A wave of sketchy branded content videos hit some of the most popular channels on YouTube in recent weeks, promoting a service that is either a gambling site targeted to kids and teens, or a form of still-legal online gaming called “Loot boxes.”
The concerns surround a new YouTube-focused campaign from a mysterious company called Mystery Brand.
The Mystery Brand website lets users pay to open virtual “mystery boxes” with prizes ranging from an “icicle” to designer sneakers to a $250 million house in Los Angeles, that the company does not actually own. Users can then choose to keep what they “won” in the box and have it shipped to them, or keep playing and open more boxes.
The ads appeared on channels run by Jake Paul (17M subscribers) Bryan “Ricegum” Le (10M subscribers), among many others. Perhaps more notable, a number of channels specifically targeted kids, including Guava Juice (12M subscribers) and Morgan “Morgz” Hudson (7M subscribers) also published Mystery Brand videos.
Another YouTuber, Keemstar, who has 4.6M subscribers, says he was offered $100,000 by the company to do a promotional video — and called the shady branded videos the “First big story of 2019!”
Concern around the ads first started bubbling up on Reddit Wednesday, and The Daily Beast subsequently looked into the company further. It appears to be based in Poland, and wrote terms of service so broad as to give them carte blanche over what consumers actually “win” in the mystery boxes.
The site seems to walk a still-blurry line between online gambling—which is only legal in a handful of states, and only to adults of age—and so-called “loot boxes,” a kind of virtual game that originated in video games. Typically in video games users pay to open X number of loot boxes, and the game randomly generates prizes (often costumers, skins and other virtual goods) that the player wins.
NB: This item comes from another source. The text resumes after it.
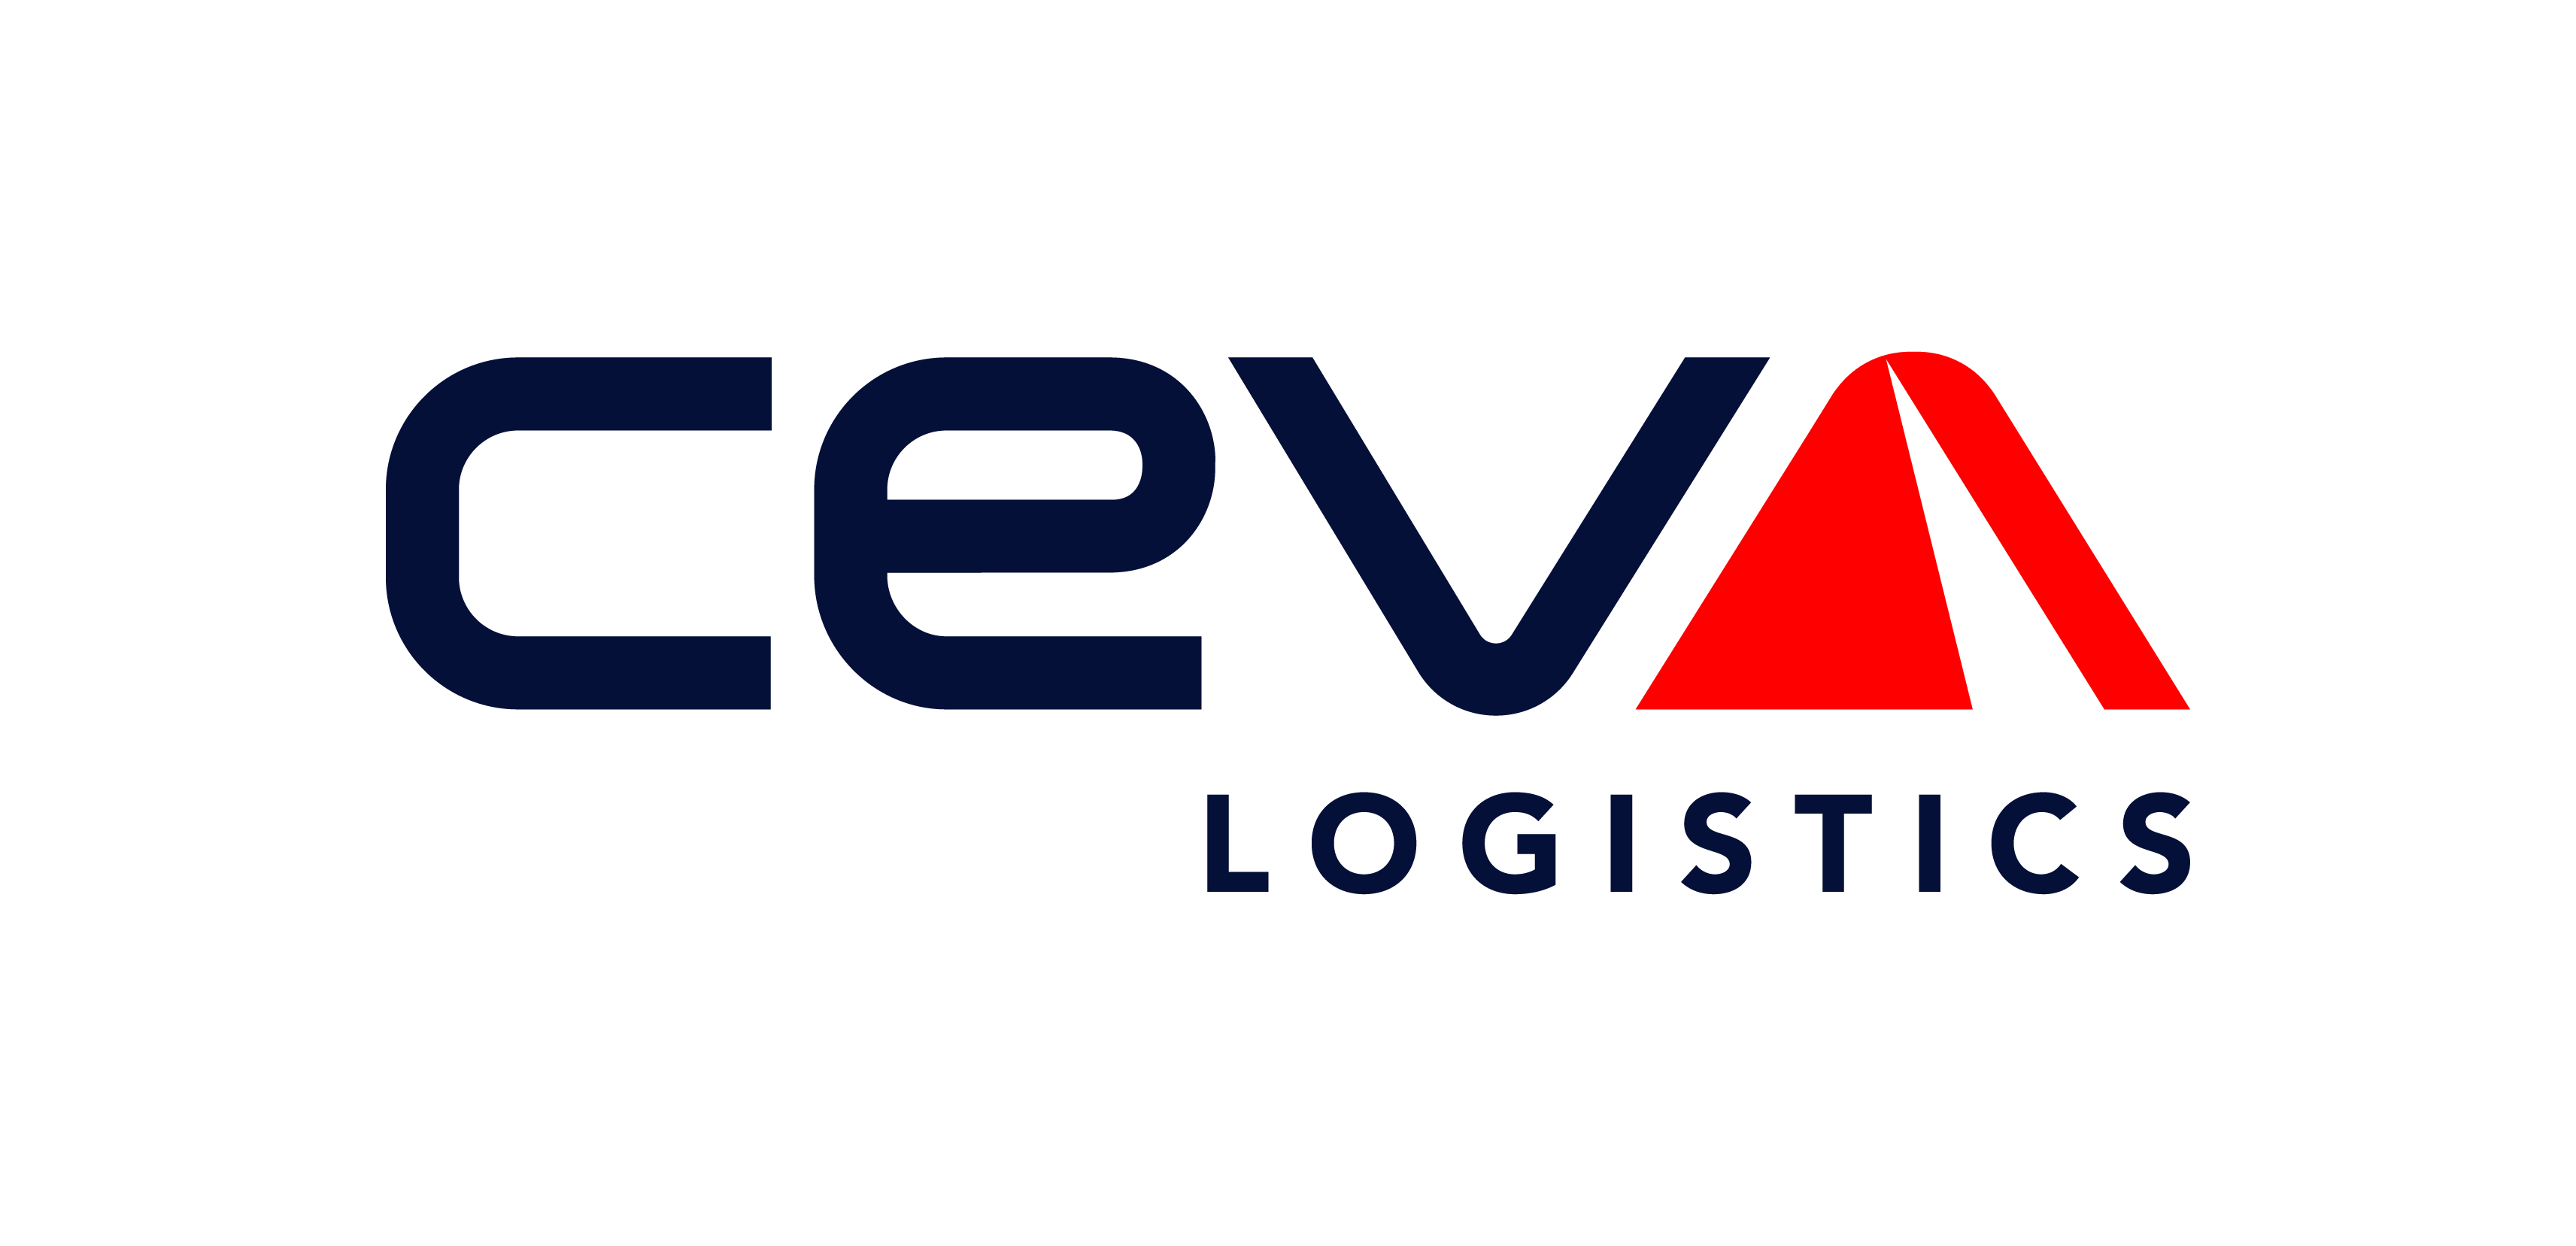 CEVA_Logistics_New_Logo

Mystery Brand is taking the loot box concept to the real world, skipping the game part altogether. Users simply pay to open the boxes and can choose to keep the prizes, which may or may not be as advertised.
Loot boxes have become a bipartisan hot topic on the regulatory, with the Federal Trade Commission saying it is looking into the practice.
What is notable about the new wave of YouTube ads for Mystery Brand is that it combined concerns about loot boxes with concerns about branded content on what has become the biggest free video platform in the world.
Whether this campaign spurs action from YouTube or the FTC will be a major test of how seriously the government and platforms are taking the controversy.